Comparative study of the immunohistochemical expression of tissue inhibitors of metalloproteinases 1 and 2 between clearly invasive carcinomas and "in situ" trophoblast invasion.

Tissue inhibitors of metalloproteinases (TIMPs) play an important role in extracellular matrix homeostasis by regulating MMP activity. Although they were initially considered inhibitors of tumor growth and metastasis, recently their role in cancer progression has been controversial. The aim of our study was to compare the immunohistochemical expression of TIMP1 and TIMP2 between an uncontrollably invasive phenomenon (cancer) and an "in situ" process (trophoblast invasion) in an effort to assess any differential role of these molecules between these two distinct phenomena and therefore to understand better their contribution in cancer invasion and migration.
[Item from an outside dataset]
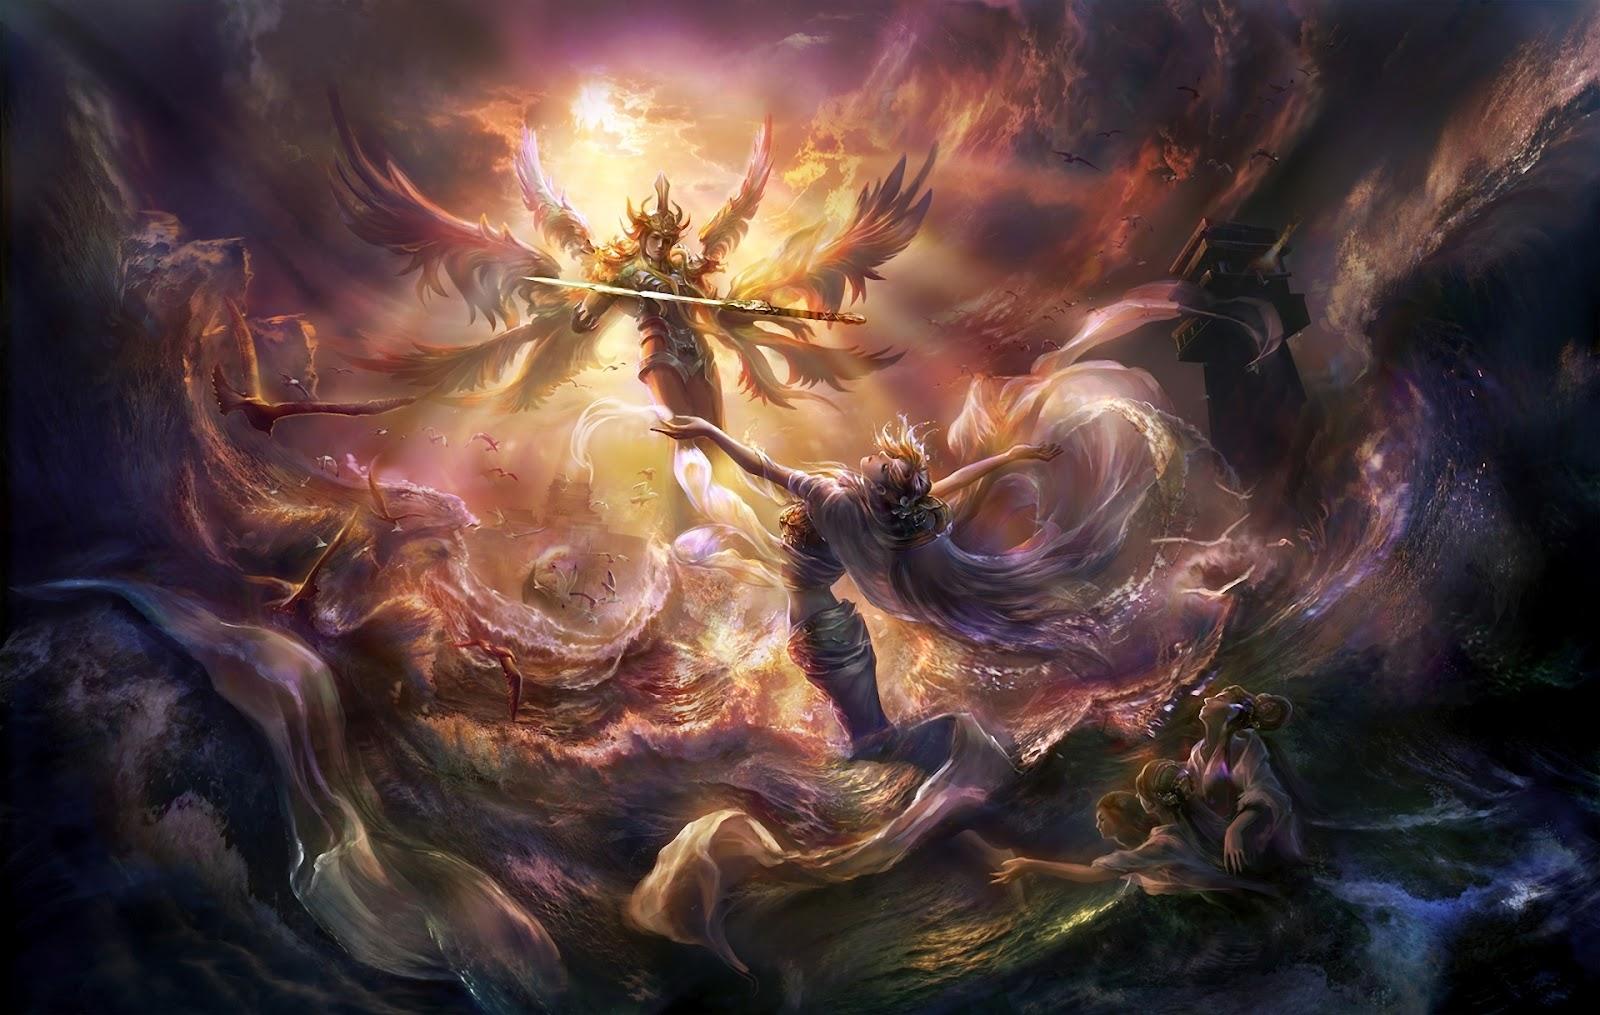 Painting Art Phoenix Fire Fantasy Digital Drawing: Wallpaper: Wallpaper Angels Free

We performed an immunohistochemical analysis of 50 carcinomas (colorectal, gastric, breast, pulmonary, and renal) and 40 first trimester gestations. The marker expression was evaluated semiquantitatively, separately in cancer parenchymal and trophoblastic cells as well as in malignant stromal and decidual cells, according to a percentage scale (0, <10, 10-50, and >50%) and according to staining intensity (0, +, ++, and +++). Our results showed that there was no statistically significant difference in TIMP1 expression between cancer parenchymal cells and trophoblastic cells. On the other hand, TIMP1 was expressed more often in decidual cells than in cancer stromal cells. Immunostaining for TIMP2 was more extensive and intense both in trophoblastic and decidual cells than in cancer parenchymal and stromal cells, respectively. The reduced expression of TIMP2 in metastatic carcinomas by comparison with non-metastatic gestation specimens underlines its importance in cancer invasion and migration. On the other hand, TIMP1 was more expressed in decidua than cancer stroma, but at the same time showed no statistically significant difference between cancer parenchyma and trophoblasts, highlighting its multifunctional activity in cancer progression.